-- Your instructions --
Could you give the entries back exactly as they stand, minus any pictures?

-- Material for this task --
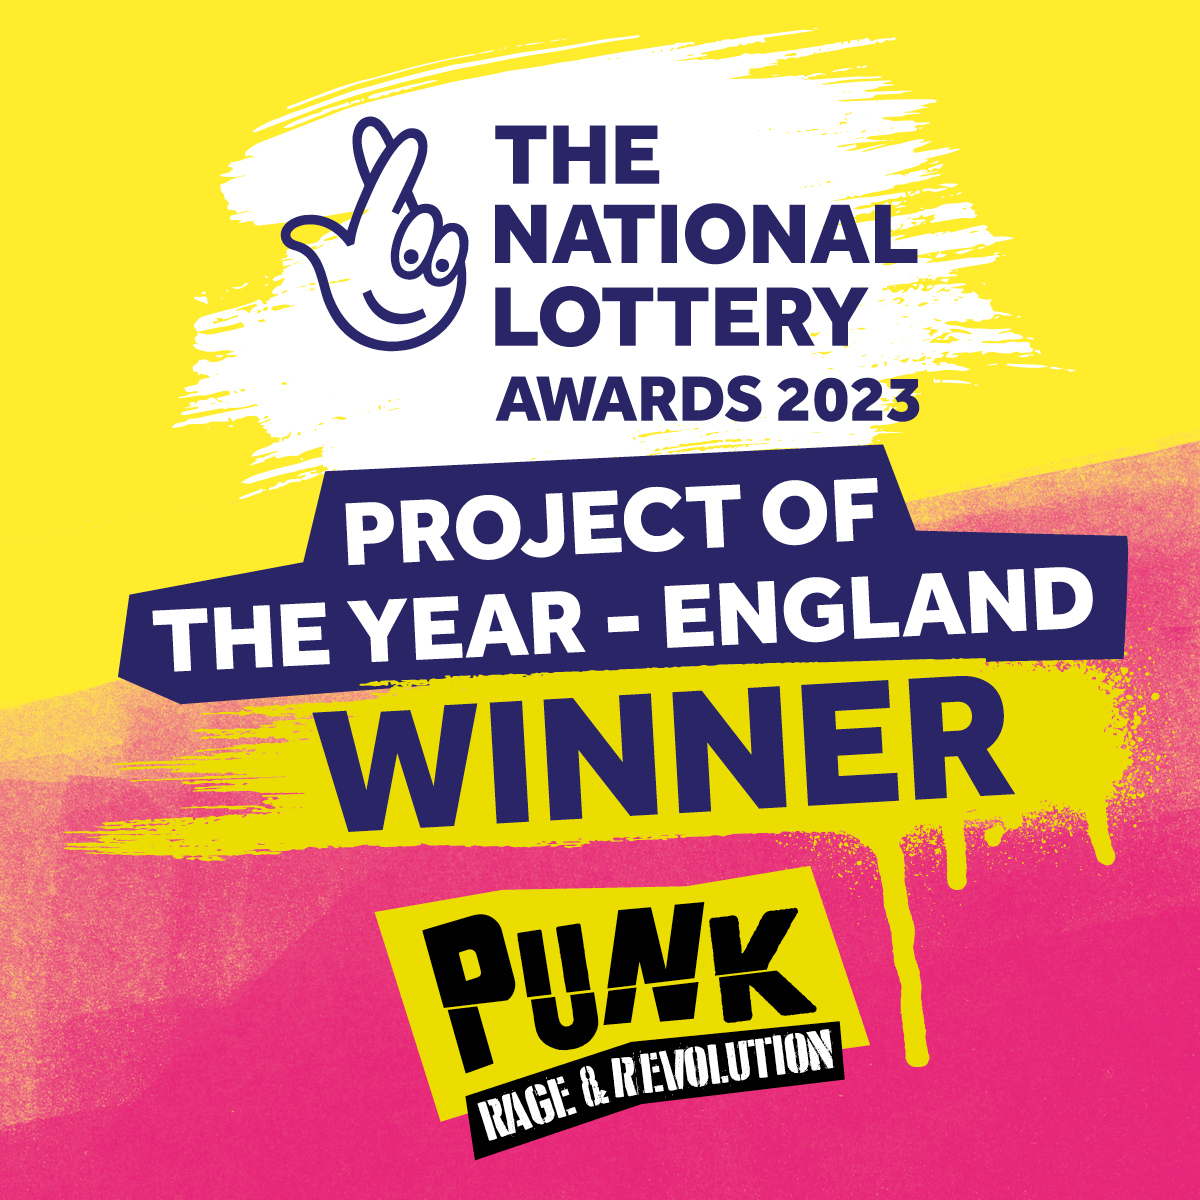 We're delighted to announce that @PunkRandR is National Lottery Project of the Year Award for England winner from nearly 4000 entries!

A huge thanks to all our partners, funders and all who voted, volunteered and visited this amazing exhibition! #NLAwards heritagefund.org.uk/news/success-h…
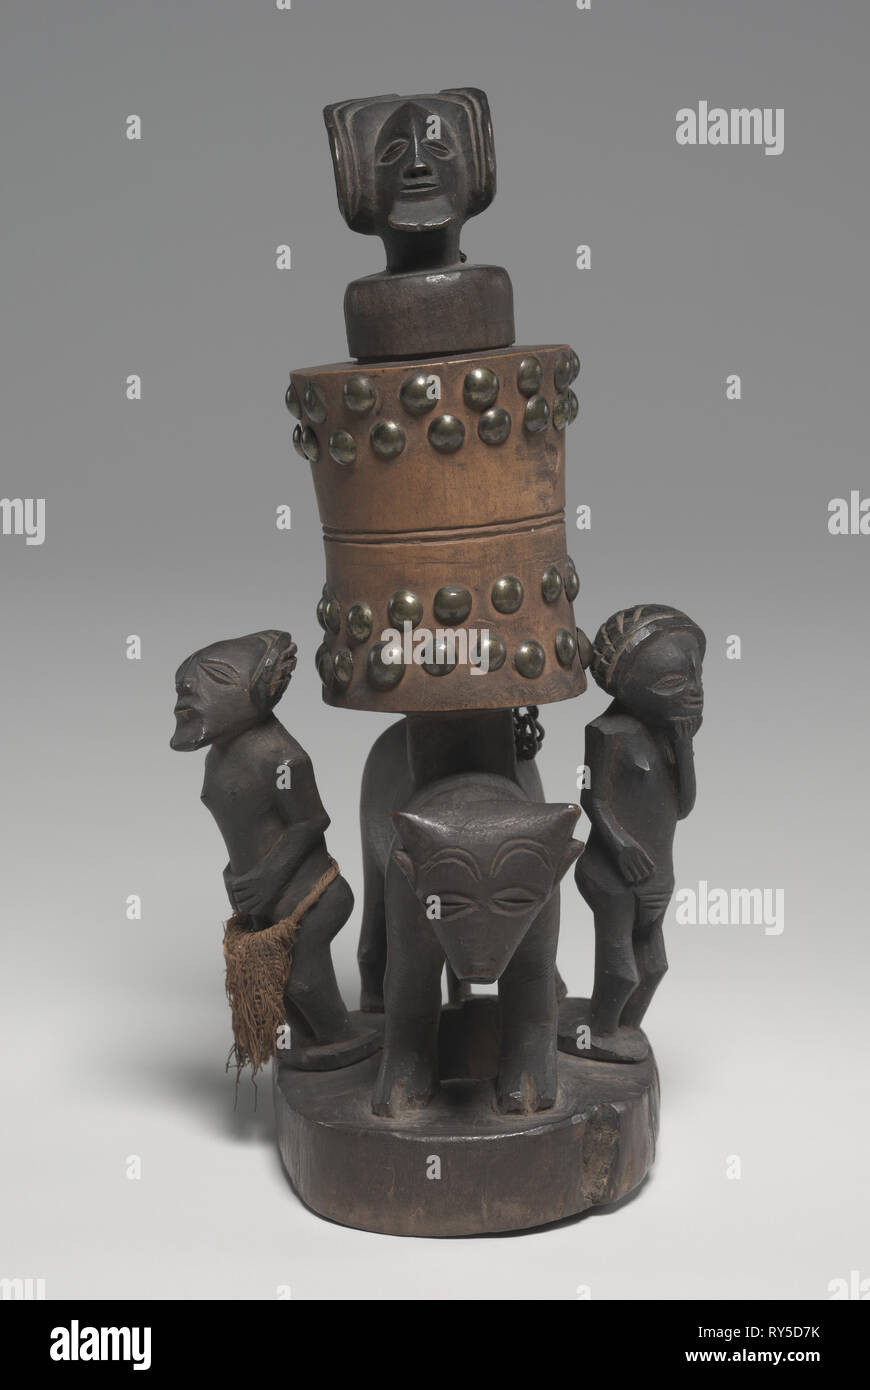 Mortar, late 1800s. Central Africa, Democratic Republic of the Congo or Angola, Chokwe, late 19th century. Wood, metal, fiber; overall: 22.5 x 8.4 x 13.8 cm (8 7/8 x 3 5/16 x 5 7/16 in Stock Photo
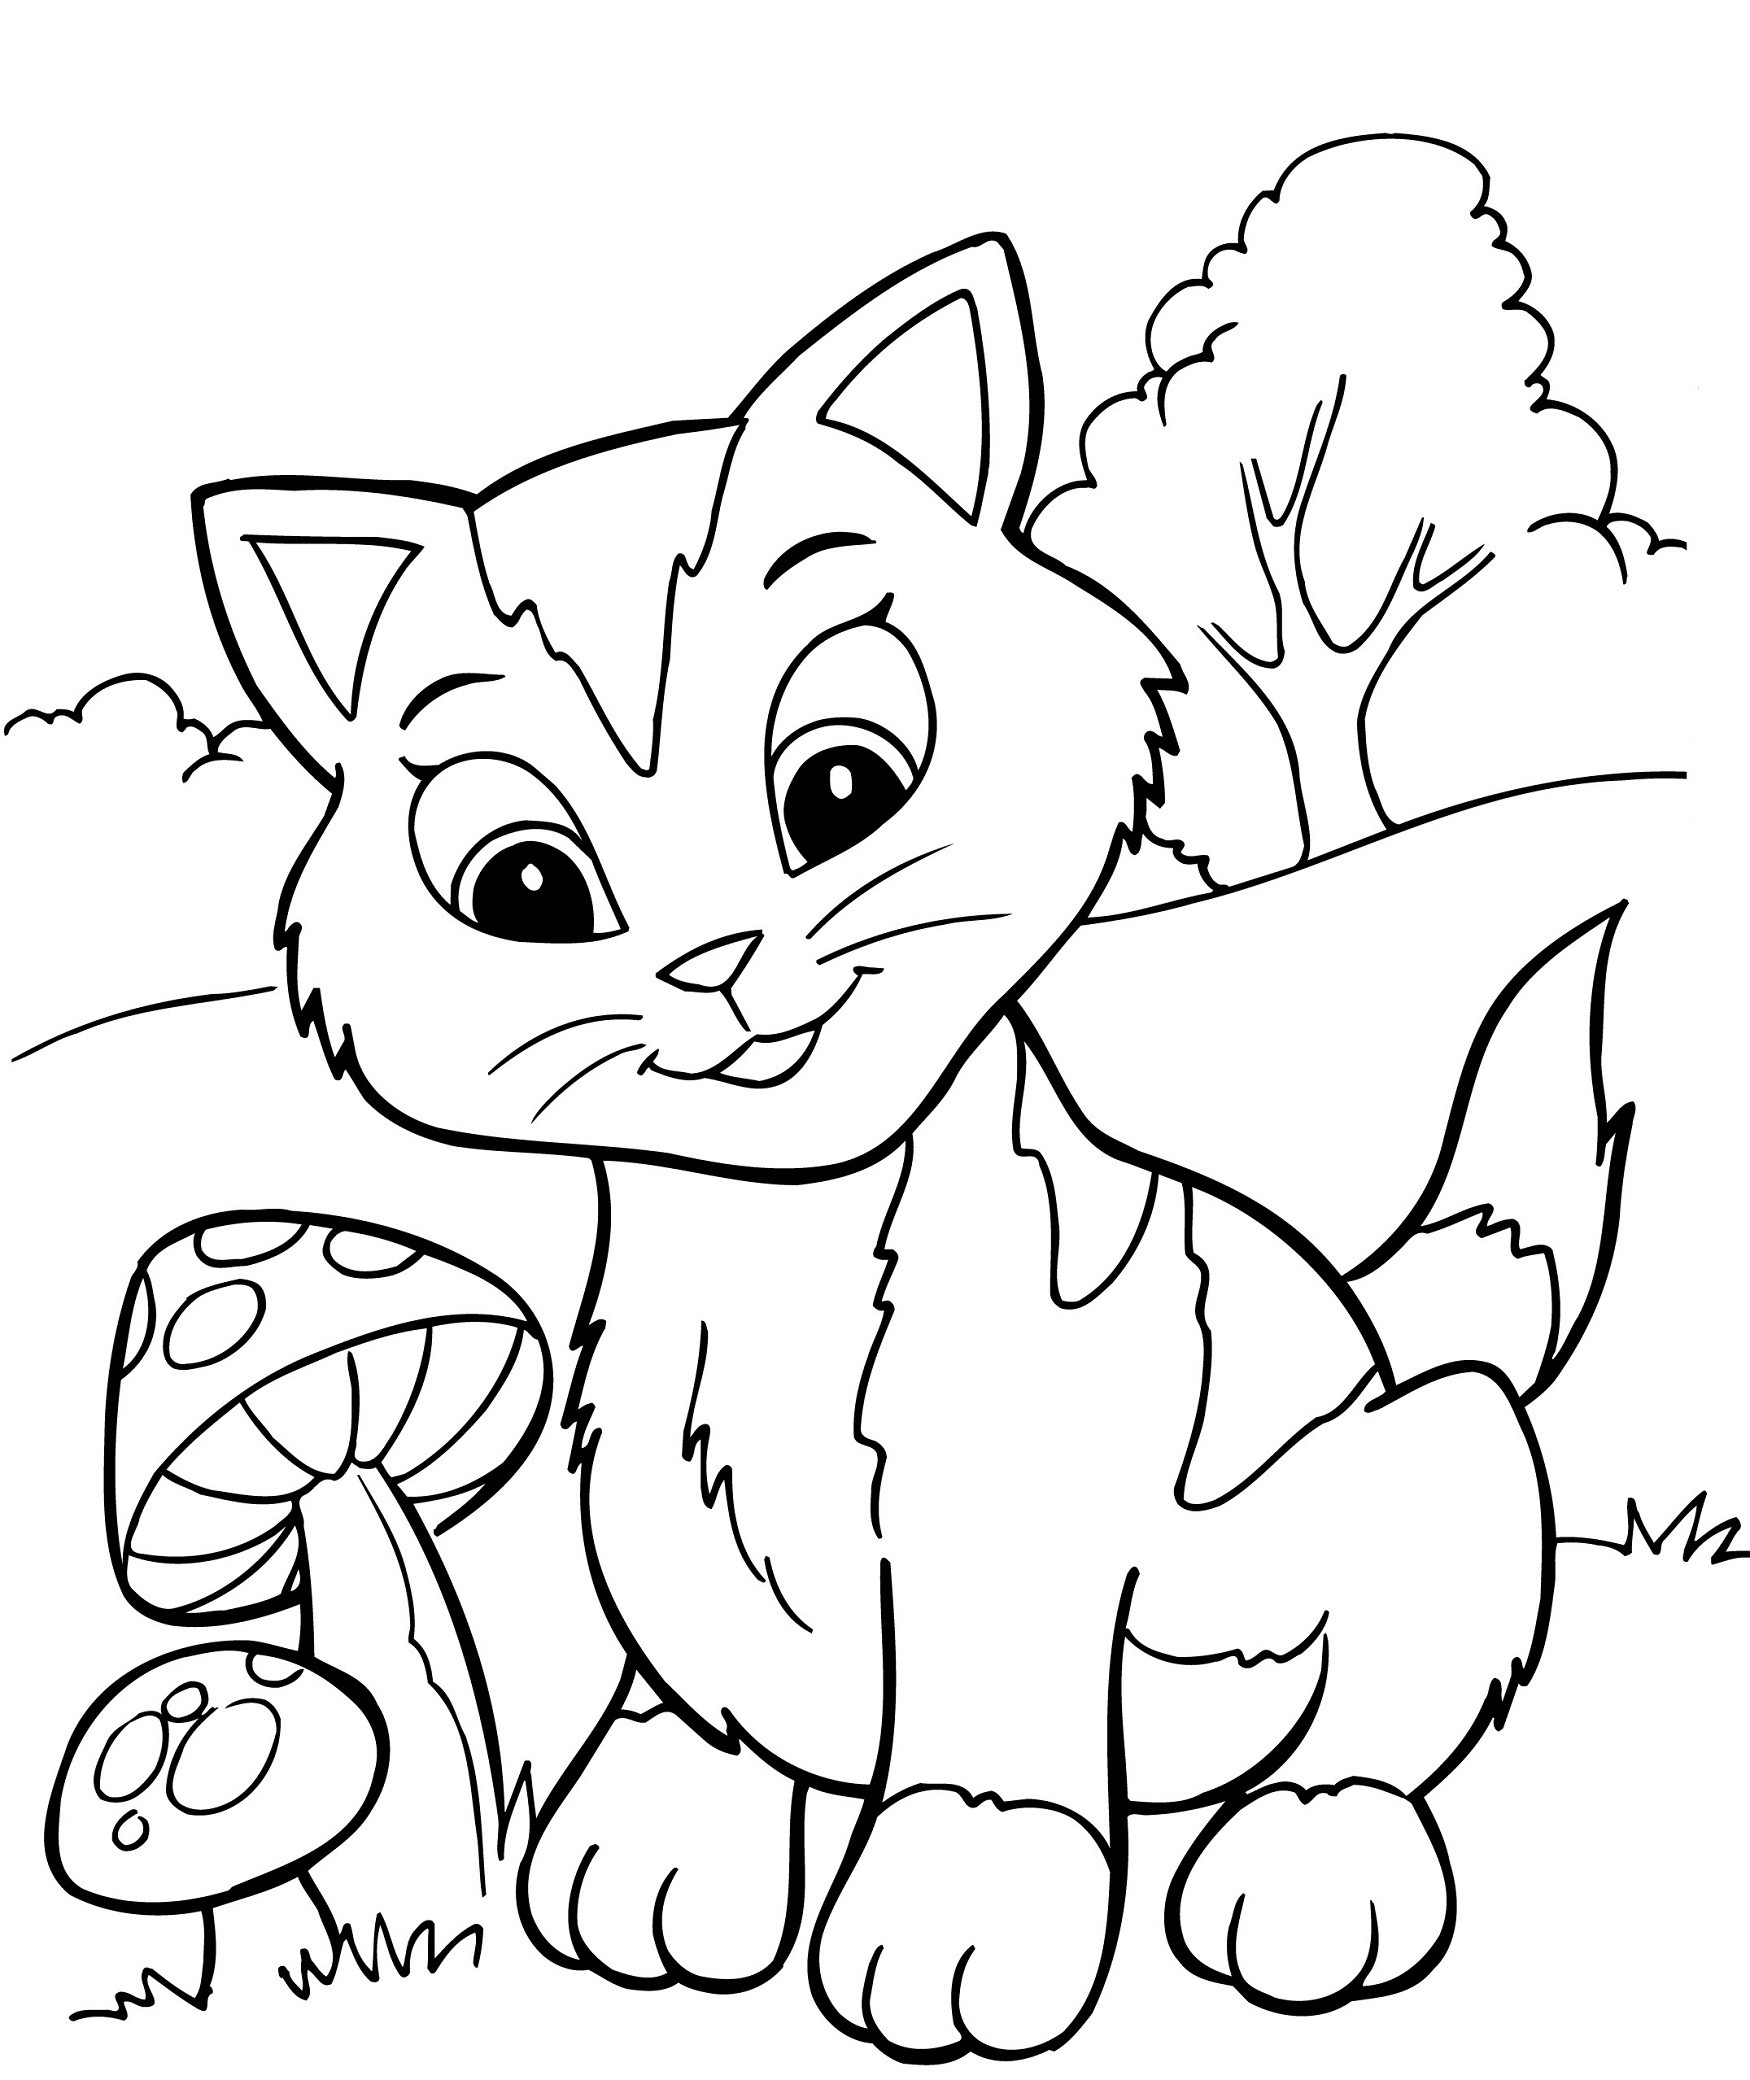 Kids Cat Coloring Pages
 Free Printable Kitten Coloring Pages For Kids Best

-- Exercise answer --
 We're delighted to announce that @PunkRandR is National Lottery Project of the Year Award for England winner from nearly 4000 entries!

A huge thanks to all our partners, funders and all who voted, volunteered and visited this amazing exhibition! #NLAwards heritagefund.org.uk/news/success-h…
 Mortar, late 1800s. Central Africa, Democratic Republic of the Congo or Angola, Chokwe, late 19th century. Wood, metal, fiber; overall: 22.5 x 8.4 x 13.8 cm (8 7/8 x 3 5/16 x 5 7/16 in Stock Photo
 Kids Cat Coloring Pages
 Free Printable Kitten Coloring Pages For Kids Best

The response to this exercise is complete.